Second question: why are the results in test 1, 2, 3, and 4 so different? What am I doing wrong with the test function implementation?

An answer to your second question first : in your test 2 and 4, the compiler is inlining the functions, thus it gives better performances (there is even more on test 4, but I will cover this later).
Overall, it is probably a bad idea to use a static temp variable.
Why ? First, it should be noted that in x86 assembly, there is no instruction to copy from memory to memory. This means that when you swap, there is, not one, but two temporary variables in CPU registers. And these temporary variables MUST be in CPU registers, you can't copy mem to mem, thus a static variable will add a third memory location to transfer to and from.
One problem with your static temp is that it will hinder inlining. Imagine if the variables you swap are already in CPU registers. In this case, the compiler can inline the swapping, and never copy anything to memory, which is much faster. Now, if you forced a static temp, either the compiler removes it (useless), or is forced to add a memory copy. That's what happen in test 4, in which GCC removed all the reads to the static variable. It just pointlessly write updated values to it because you told it do to so. The read removal explains the good performance gain, but it could be even faster.
Your test cases are flawed because they don't show this point.
Now you may ask : Then why my static functions perform better ? I have no idea. (Answer at the end)
I was curious, so I compiled your code with MSVC, and it turns out MSVC is doing it right, and GCC is doing it weird. At O2 optimization levels, MSVC detects that two swaps is a no-op and shortcut them, but even at O1, the non-inlined generated code is faster than all the test case with GCC at O3. (EDIT: Actually, MSVC is not doing it right either, see explanation at the end.)

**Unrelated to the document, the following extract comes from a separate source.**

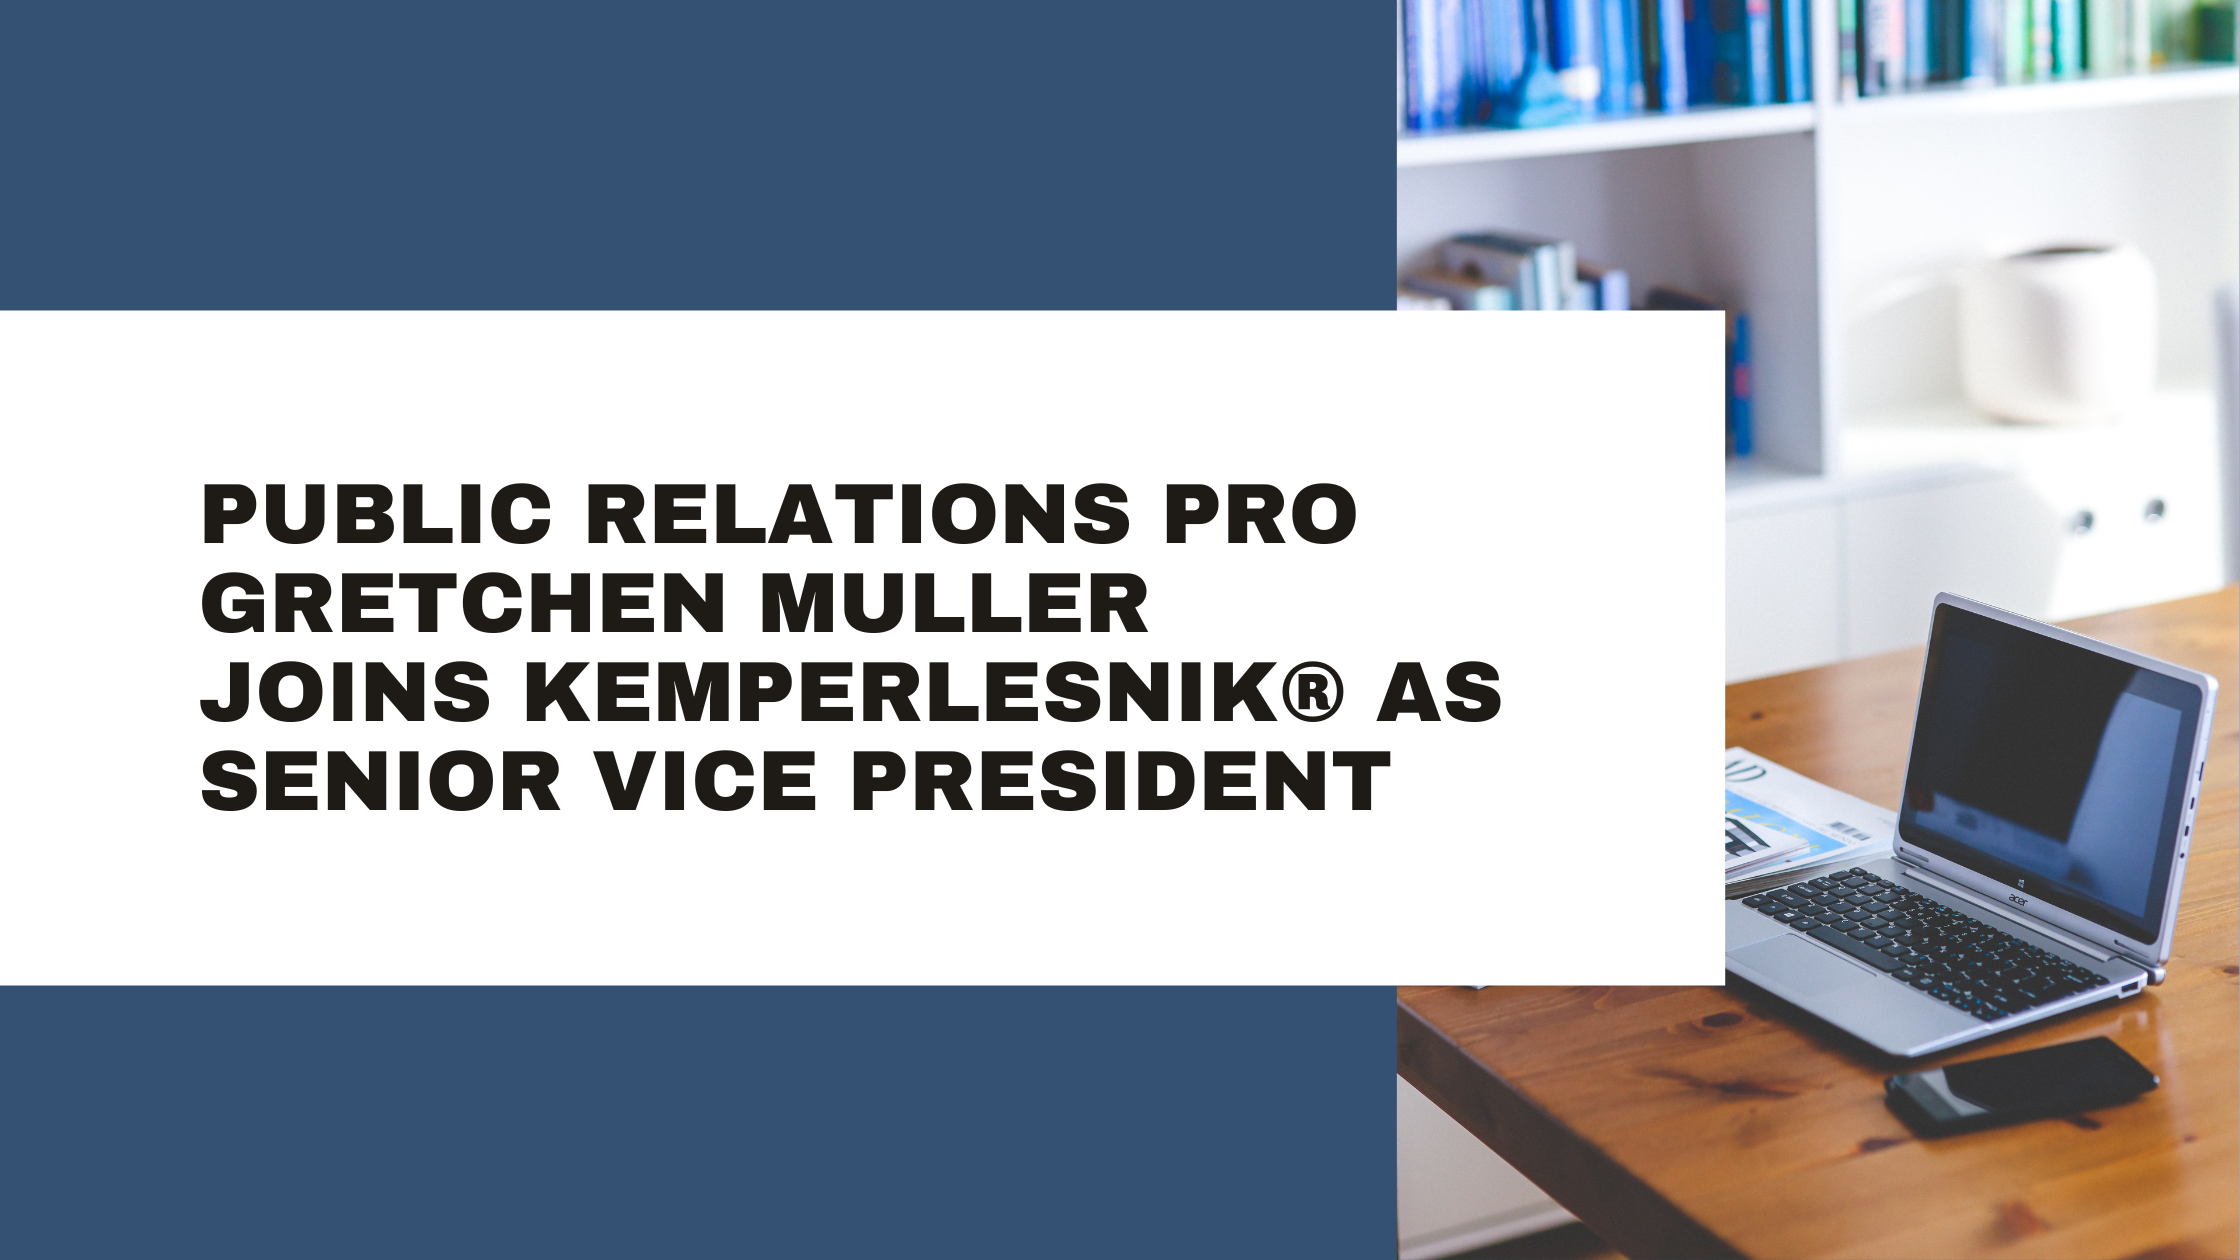 Public Relations Pro Gretchen Muller Joins KemperLesnik as Senior Vice President

The assembly generated by MSVC looks indeed better, but when comparing the static and non-static assembly generated by GCC, I don't know why the static performs better.
Anyway, I think even if GCC is generating weird code, the inlining problem should be worth using the std::swap, because with bigger types the additional memory copy could be costly, and smaller types give better inlining.

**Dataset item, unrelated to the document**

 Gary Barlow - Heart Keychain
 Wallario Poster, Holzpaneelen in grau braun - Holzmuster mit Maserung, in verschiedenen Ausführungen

Here are the assembly produced by all the test cases, if someone have an idea of why the GCC static performs better than the non-static, despite being longer and using more memory moves. EDIT: Answer at the end
GCC non-static (perf 570ms):
00402F90 44 8B 01 mov r8d,dword ptr [rcx]

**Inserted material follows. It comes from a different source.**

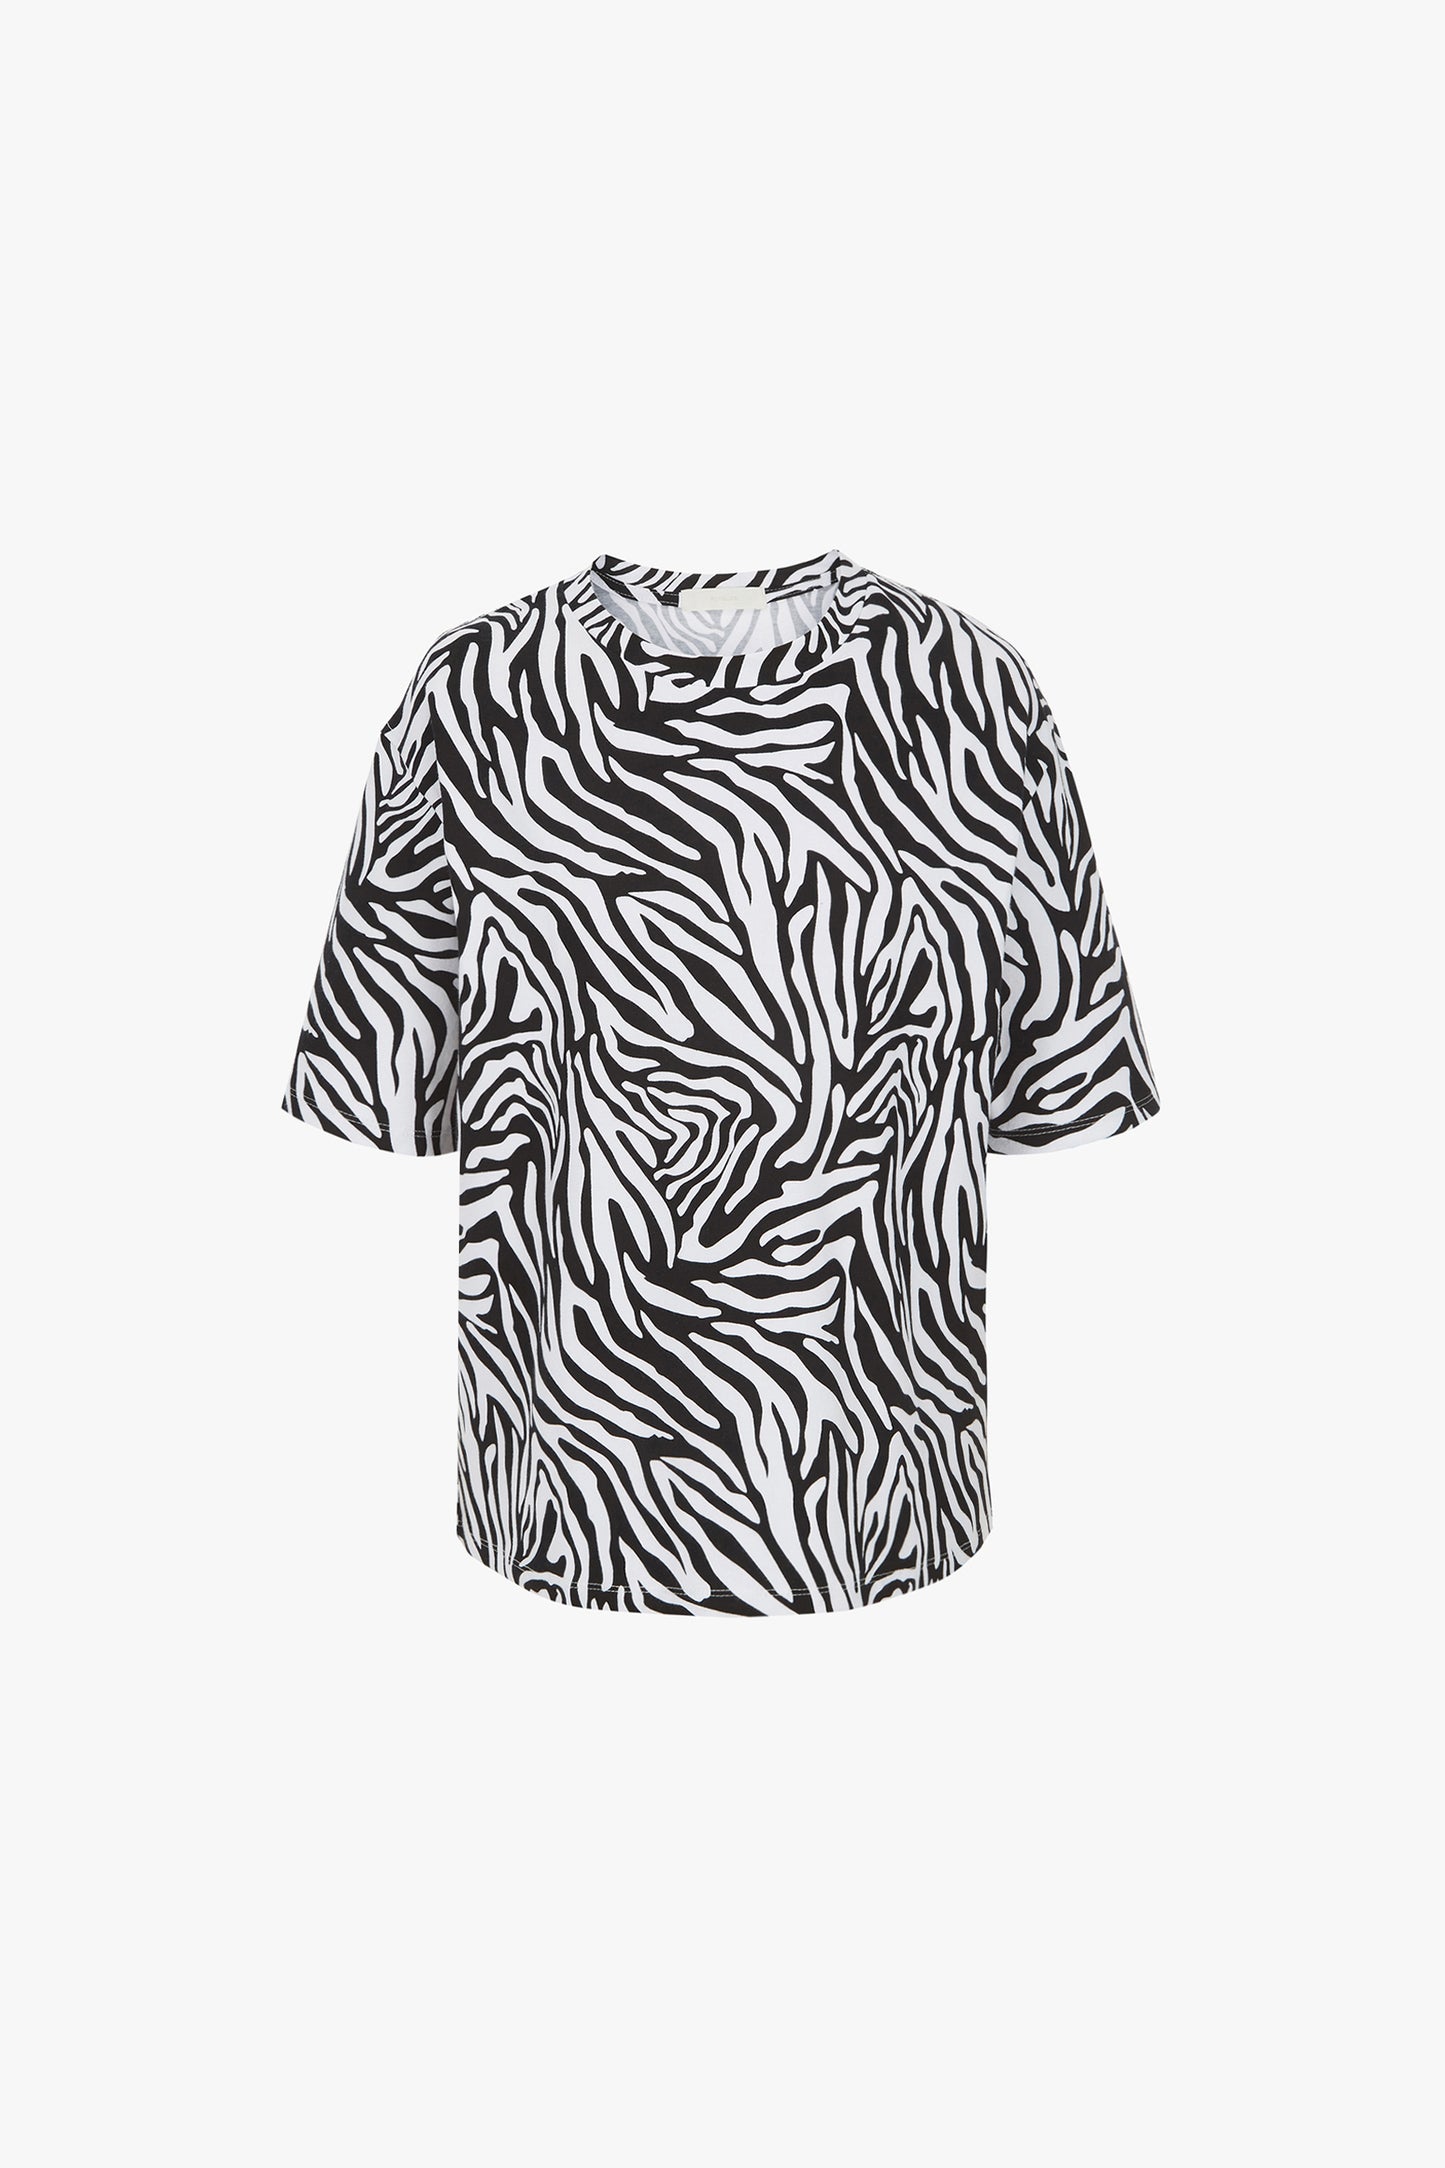 Zebra Print T-Shirt, White

00402F93 F3 0F 10 41 04 movss xmm0,dword ptr [rcx+4]
00402F98 0F B6 41 08 movzx eax,byte ptr [rcx+8]
00402F9C 4C 8B 0A mov r9,qword ptr [rdx]
00402F9F 4C 89 09 mov qword ptr [rcx],r9
00402FA2 44 0F B6 4A 08 movzx r9d,byte ptr [rdx+8]
00402FA7 44 88 49 08 mov byte ptr [rcx+8],r9b
00402FAB 44 89 02 mov dword ptr [rdx],r8d
00402FAE F3 0F 11 42 04 movss dword ptr [rdx+4],xmm0
00402FB3 88 42 08 mov byte ptr [rdx+8],al
GCC static and MSVC static (perf 275ms):
00402F10 48 8B 01 mov rax,qword ptr [rcx]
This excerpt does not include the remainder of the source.